As stated by others, the hydrocracker back-end specifications should be set by contaminants, reliable and reproducible distillation points (i.e., 95%) and methods (simulated distillation or D1160), and impact to polynuclear aromatic (PNA) formation. The refiner should monitor not only blended feed qualities, but also individual feed stream qualities. Monitoring only the blended feed can cause critical contaminants or poor fractionation to be masked or hidden. For example, many hydrocracker units monitor Conradson carbon in the last 10% of the distillation on streams to properly understand the Conradson carbon content, as monitoring Conradson carbon on the bulk stream can dilute the content.
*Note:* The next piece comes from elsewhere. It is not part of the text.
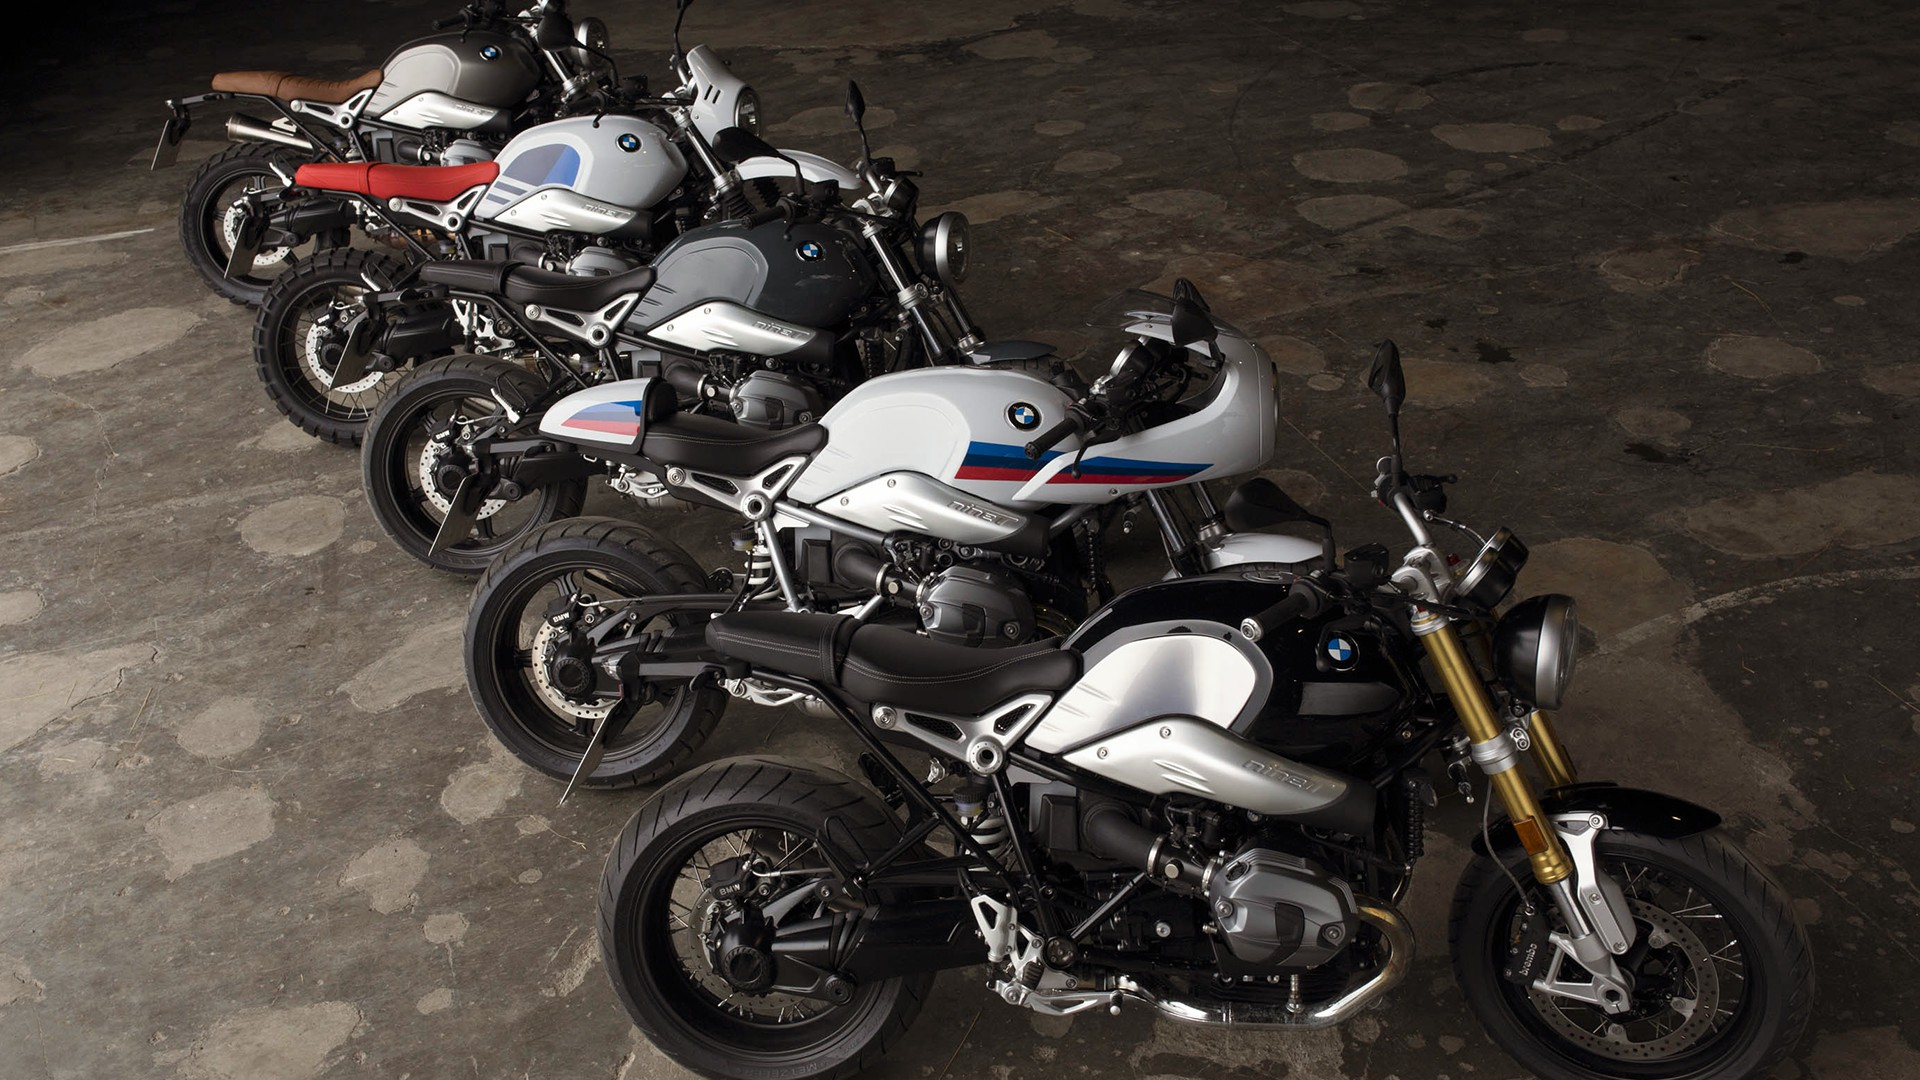 BMW RnineT lineup

Understanding the distribution of contaminants across the boiling range will influence how the back-end distillation target is set for a given feedstock. The following charts provide some typical examples of how Conradson carbon and vanadium are distributed for different benchmark crudes, based on KBC’s Petro-SIM simulation tool.

 

 

The recommended practice for setting back-end specifications for hydrocracker feed is to use a combination of predictive tools and simulations, such as Linear Program and kinetic model within a process simulator, along with proactive unit monitoring. The tools can help optimize the stream routings and cutpoints to achieve a refinery profitability and operability target, whereas unit monitoring can validate the predicted performance and provide feedback into the analysis, as well as allow for fine tuning of targets against evolving facility and unit limitations. The bottom line is that increasing the back-end distillation of hydrocracker feed will negatively impact the unit operation and cycle length, but the economic benefit must outweigh the penalty. Technical and economic analysis on the specific unit, refinery configuration, and market condition are required to make the proper decision.

 

SUBHASH SINGHAL (Kuwait National Petroleum Company)

The endpoint of the feed is fixed by the cycle length that the refiner intends to achieve. The higher the endpoint, the more coke on catalyst and the more PNA in feed to the second-stage which may result in exchangers fouling up and catalyst deactivating in the second stage. I have seen HCU operating in diesel mode with feed endpoint of 1020°F and cycle length of two years.